Qfa - sober aesthetic, rigorous technique
Graduated in 2006, Quentin Fruchaud retained from the ENSA Versailles a sense of place - from the urban context through to the landscape - which is now the basis of a coherent and well thought portfolio of work.
After a year at the Ecole Polytechnique in Barcelona, he completed his training by eight years practical experience in several practices; with Paul Chemetov, he mastered standards and regulations then subsequently gained his independence with Fèvre Gaucher architects and planners before spending four years with the Philéas practice where he developed his architectural culture, both the design and graphic expression of projects as well as construction constraints.
Founder of qfa (Quentin Fruchaud Architectures) in 2014, this experience enables him in newbuild and rehabilitation projects to develop an architecture where a sober aesthetic is expressed through the rigour of drawing. The simplicity of volumes is based on a structural understanding that responds to the client’s objectives, the legibility and mix of uses and efficient construction.
‘The technical and construction constraints make it possible to introduce sensitivity into the project’. The aspect, tactility and sonority of the materials, the matter, the technical details, each element of design contributes to a renewed architecture on each occasion.

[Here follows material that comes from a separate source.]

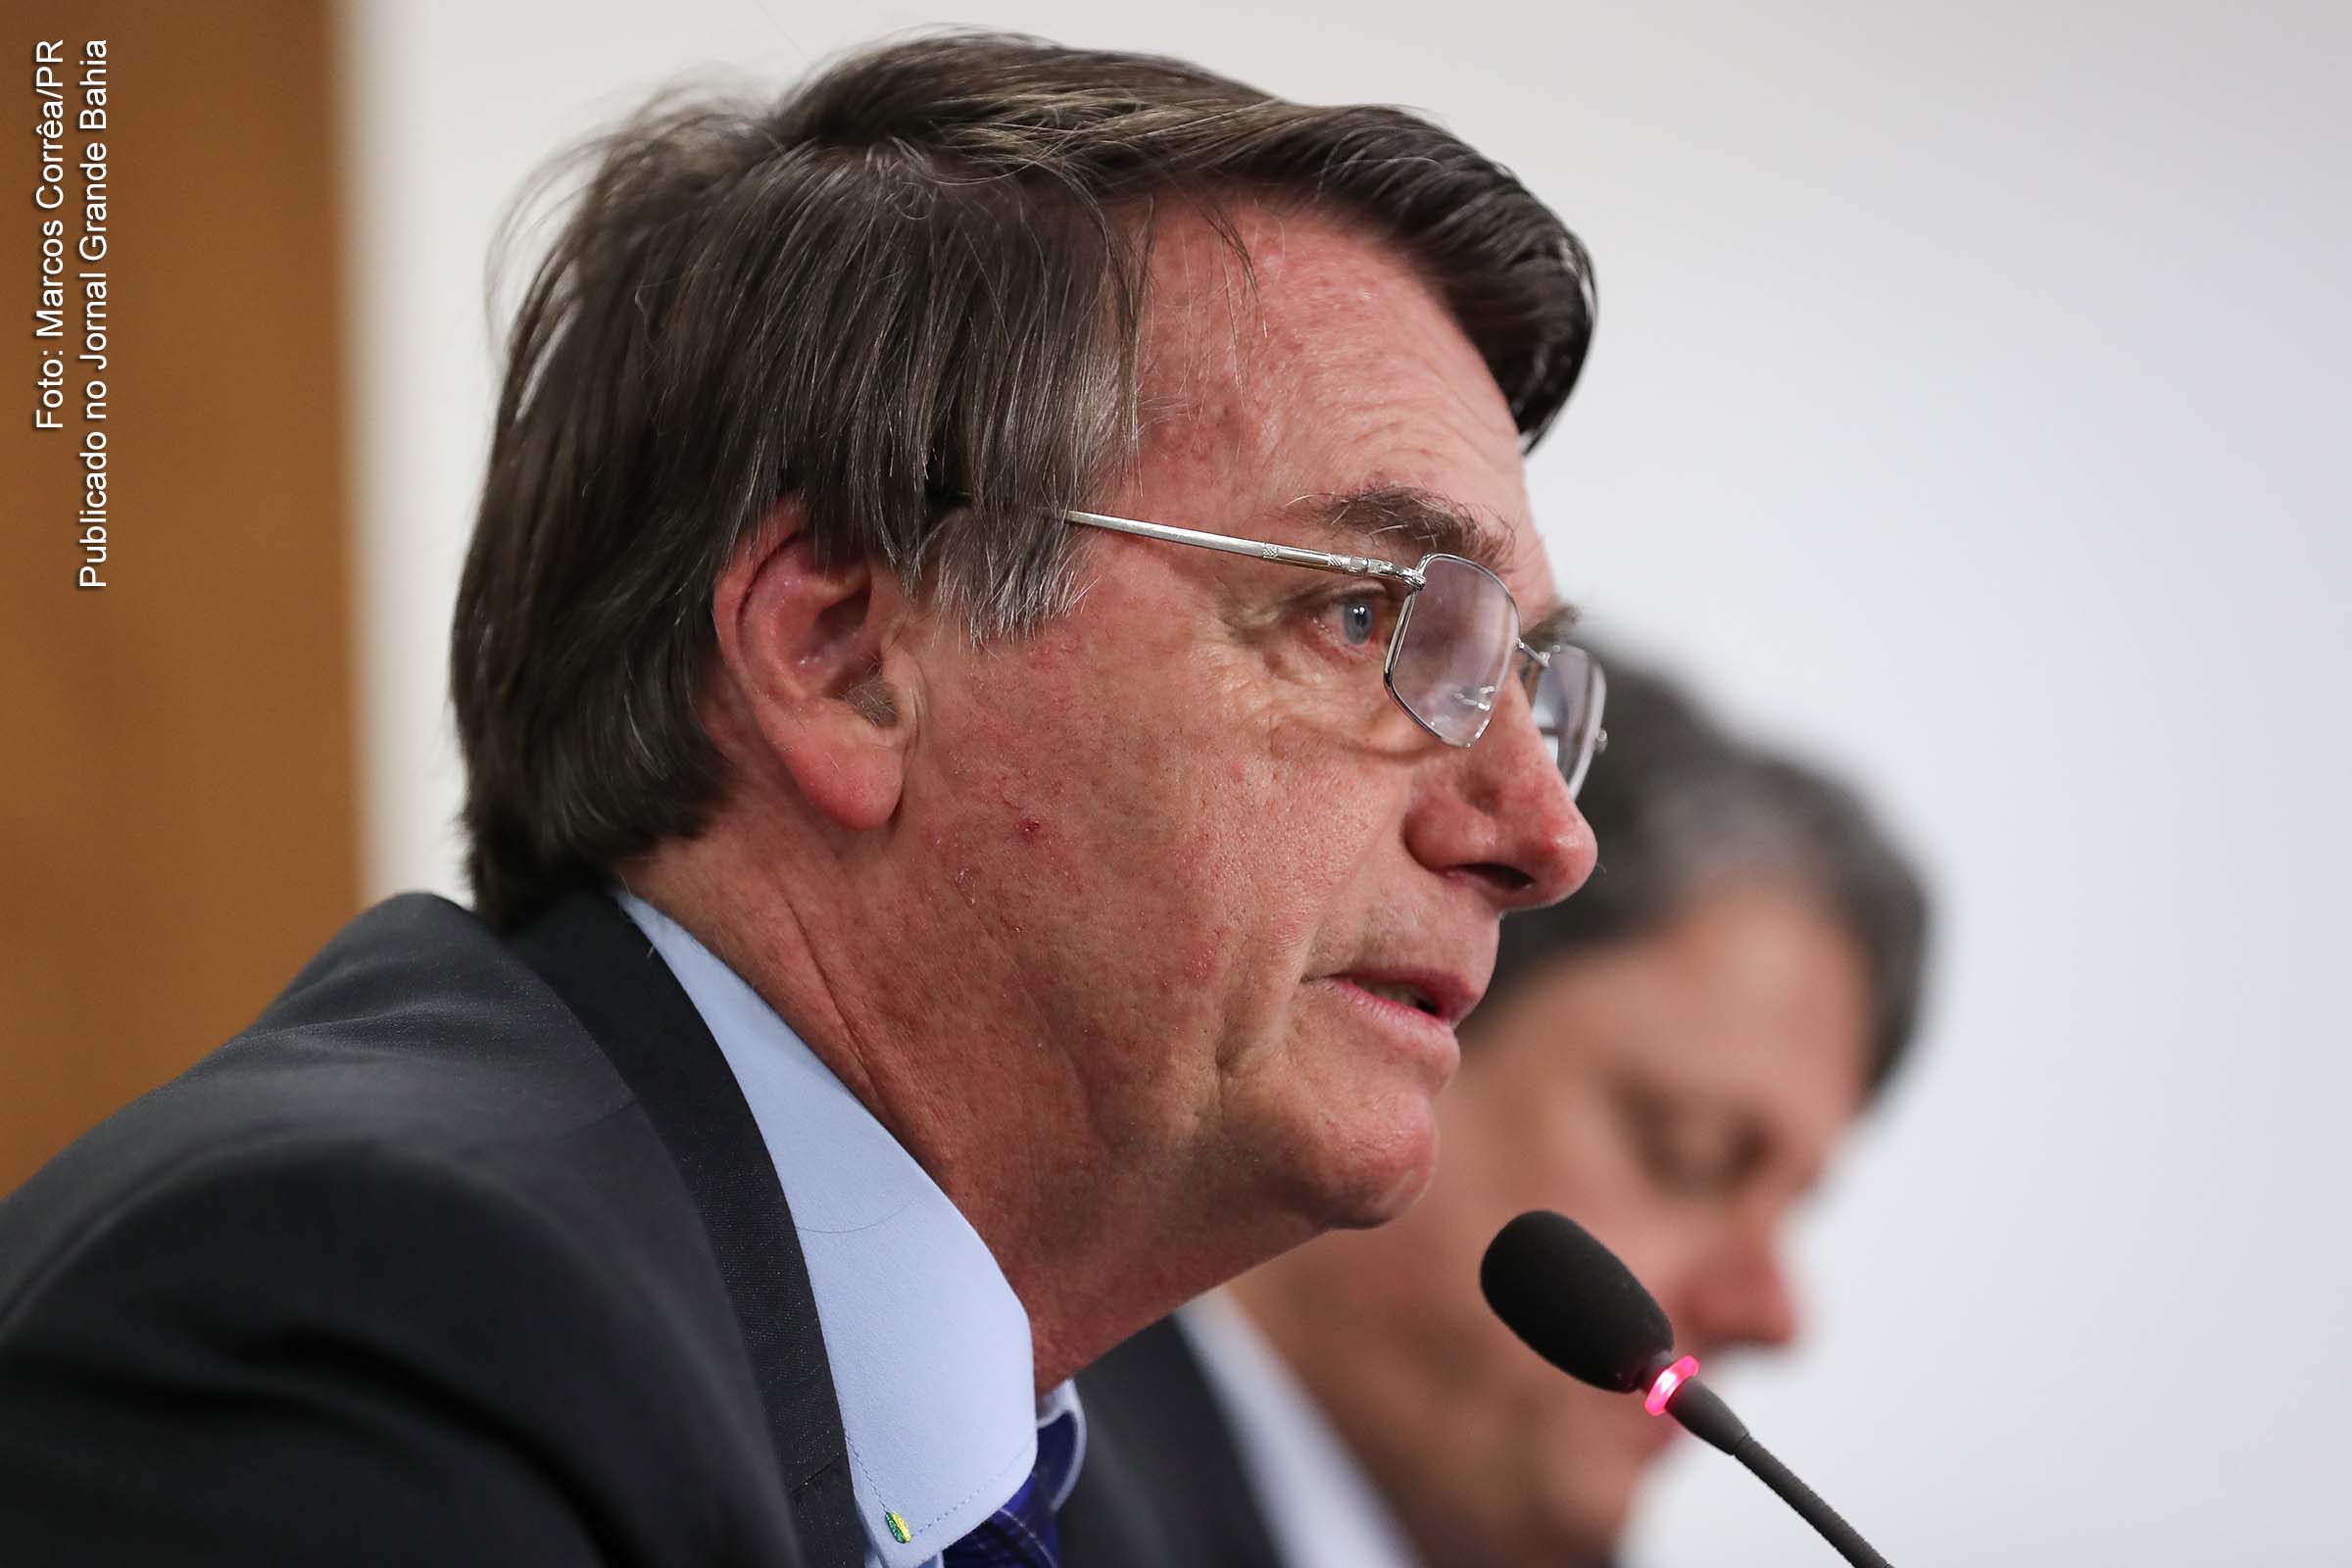 Extremista de direita, presidente Jair Bolsonaro se constitui em grave ameaça a democracia do Brasil.

The diversity of qfa projects testifies to their capacity to adapt to different briefs whether it be rehabilitation such as an 18th century house in the Lot Region or an apartment building in the 12th arrondissement, Paris or new-build constructions such as the façade designed for a public building in the Congo, the construction of an Haras in Dourdan (Essonne) or the conversion and redevelopment of an office building in the 5th arrondissement, Paris.
The Qfa brand is an architecture adapted to the contextual, economic and regulatory constraints of its time that remains sensitive and functional, generous, luminous and respectful of the spirit of the place.